Puisque ce débat commence à se nouer à l'échelle française, voici un court et non exhaustif florilèges des raisons qui peuvent justifier d'appeler cette vague de chaleur "TotalEnergies n°2" (#TotalEnergies2 sur les réseaux sociaux) : 

  1. Parce que depuis la canicule Total Energies n°1, le PDG de TotalEnergies s'est rendu en jet privé aux Rencontres économiques d'Aix pour un débat sur le mix énergétique où il nous a demandé des efforts en matière de sobriété énergétique. Cet aller-retour Paris-Marseille en jet privé est sans doute anecdotique du point de vue des émissions mondiales de gaz à effet de serre mais tellement révélateur de ces élites qui continuent comme si de rien n'était et n'envisagent de baisse de consommation que pour les autres. Il y a deux semaines à peine, les PDG de TotalEnergies d'ENGIEgroup & d'EDF publiaient une tribune nous demandant de limiter notre consommation, alors qu'ils continuent, notamment les deux premières, d'investir dans les énergies fossiles
  2. Parce que TotalEnergies bénéficie du projet de loi #Pouvoirdachat qui l'autorise à installer un terminal gazier au Havre pour importer du gaz de schiste sans respect des règles environnementales
  3. Parce que TotalEnergies fait partie des 20 entreprises qui ont le plus contribué au réchauffement climatique depuis 1965
  4. Parce que TotalEnergies était au courant de l’impact "potentiellement catastrophique" de ses activités sur le climat dès 1971, et n'a cessé depuis de nier, fabriquer du doute et freiner les politiques climatiques
  5. Parce que TotalEnergies s'apprête à ouvrir l'équivalent de 18 centrales à charbon rien qu'avec les projets pétro-gaziers qu'elle a dans les cartons d'ici 2025, alors que l'AIE a montré qu'il ne fallait plus investir dans de nouveaux projets gaziers ou pétroliers
  6. Parce que TotalEnergies et son PDG Patrick Pouyanné viennent ainsi d'annoncer « un jour historique » pour qualifier leur engagement dans le plus grand projet de gaz naturel liquéfié du monde, au Qatar.
  7. Parce que TotalEnergies continue de consacrer, selon ses propres données, plus de 70% de ses investissements au pétrole et au gaz, alimentant le réchauffement climatique et les vagues de chaleur ;
  8. Parce que TotalEnergies profite de milliards d'euros d'aides publiques (aides COVID19, aides BCE, plans de relance, plan France2030, aide inflation) mais refuse de s'engager dans la reconversion de son appareil productif
  9. Parce que TotalEnergies refuse d'envisager de fermer ses infrastructures dans les énergies fossiles alors qu'une étude récente montre qu'il faudrait en fermer la moitié pour conserver une chance raisonnable de ne pas dépasser 1,5°C.
  10. Parce que TotalEnergies profite de l'envolé des prix de l'énergie pour amasser des profits, augmenter la rémunération de ses actionnaires plutôt que d'investir massivement dans la transition énergétique
  11. Parce que TotalEnergies veut construire le plus grand oléoduc chauffé au monde (1 443 km), qui menace de nombreuses réserves et aires protégées et les deux plus grandes réserves d’eau douce d’Afrique de l’Est, les lacs Victoria et Albert (projets Tilenga et EACOP).
  12. Parce que TotalEnergies refuse d'enclencher une politique climatique digne de ce nom et continue de tergiverser et remettre à plus tard sa reconversion industrielle et technique, préférant faire voter à ses actionnaires des plans de greenwashing.

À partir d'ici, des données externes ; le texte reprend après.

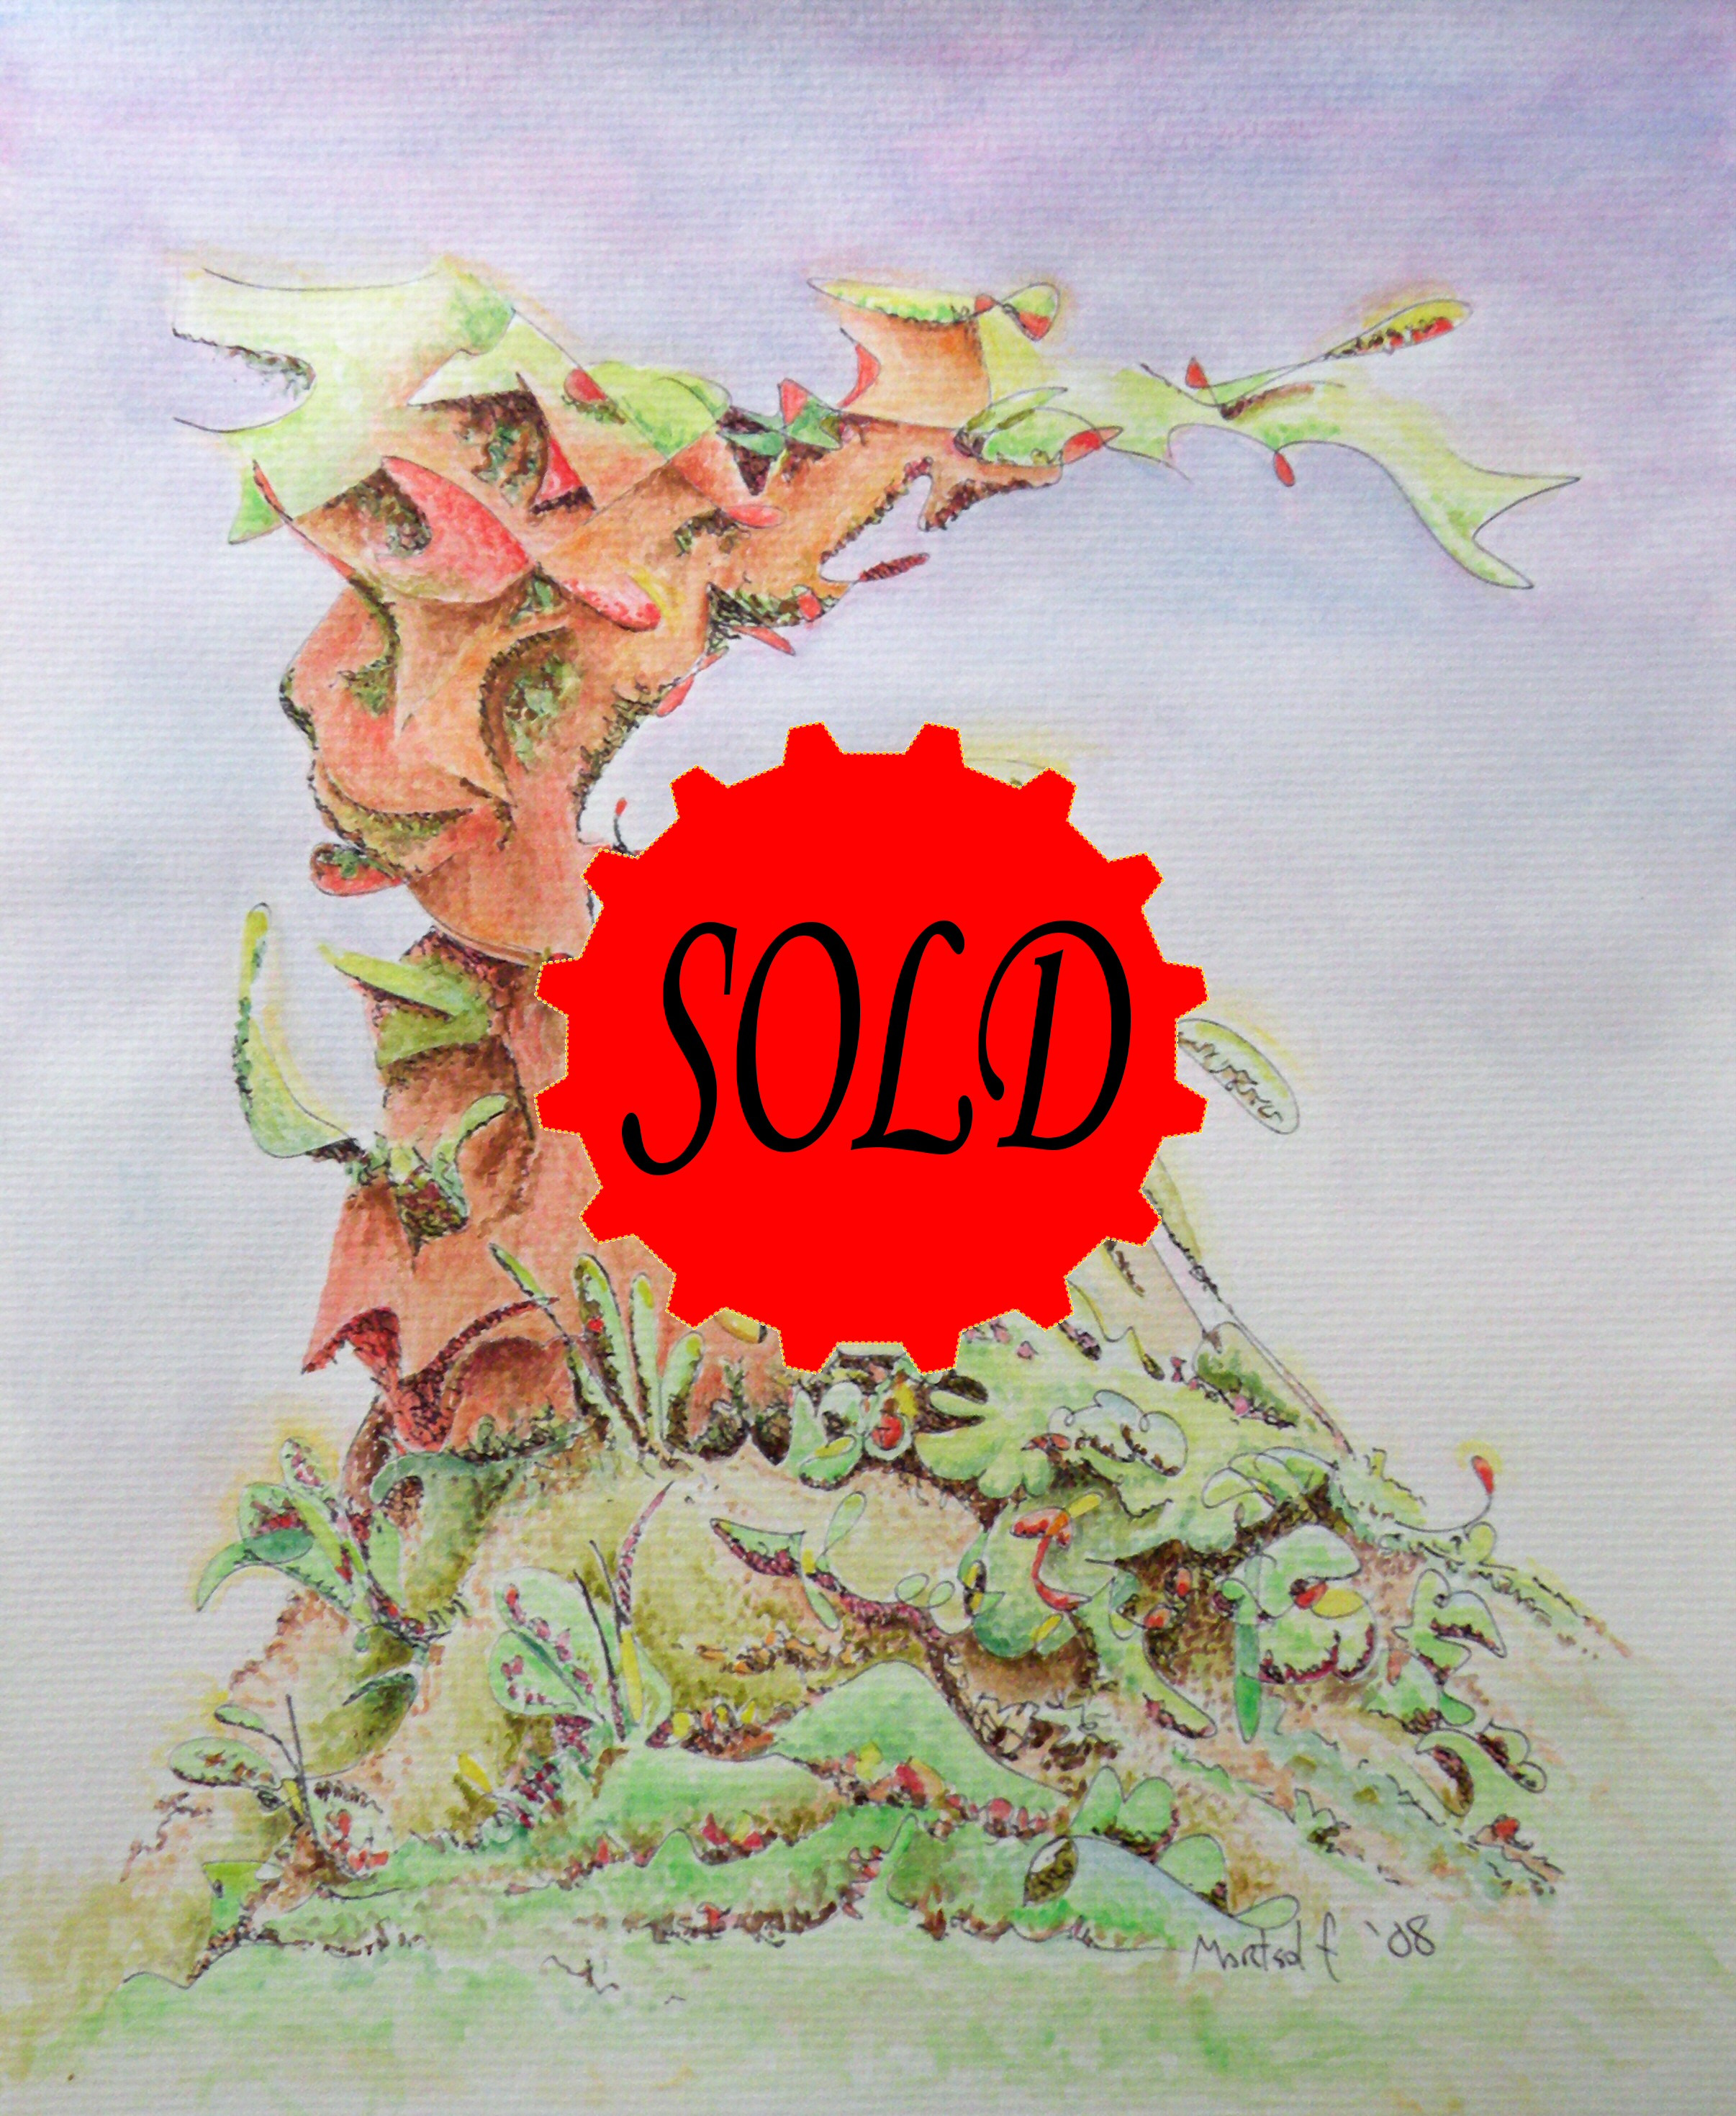 Sold mountainside npgqpy

(cette liste est non exhaustive)

Cette proposition nous semble la plus opérationnelle à court-terme. Y compris parce que cette proposition a été reprise au sein de l'hémicycle de l'Assemblée nationale par Julie Laernoes, député écologiste-NUPES. 

Puisque cette vague de chaleur intense devrait durer plusieurs jours, nous avons le temps d'installer cette idée et de marquer les esprits. Si cela fonctionne, nul doute que nous trouverons l'énergie, le temps et les moyens, avec toutes les autres bonnes volontés pour installer un processus plus participatif pour nommer les prochains phénomènes climatiques extrêmes auxquels nous allons nécessairement devoir faire face. 

A nous toutes et tous de jouer. 

A vite

Maxime Combes, économiste et auteur de Sortons de l'âge des fossiles ! Manifeste pour la transition (Seuil, 2015) et co-auteur de « Un pognon de dingue mais pour qui ? L’argent magique de la pandémie » (Seuil, 2022).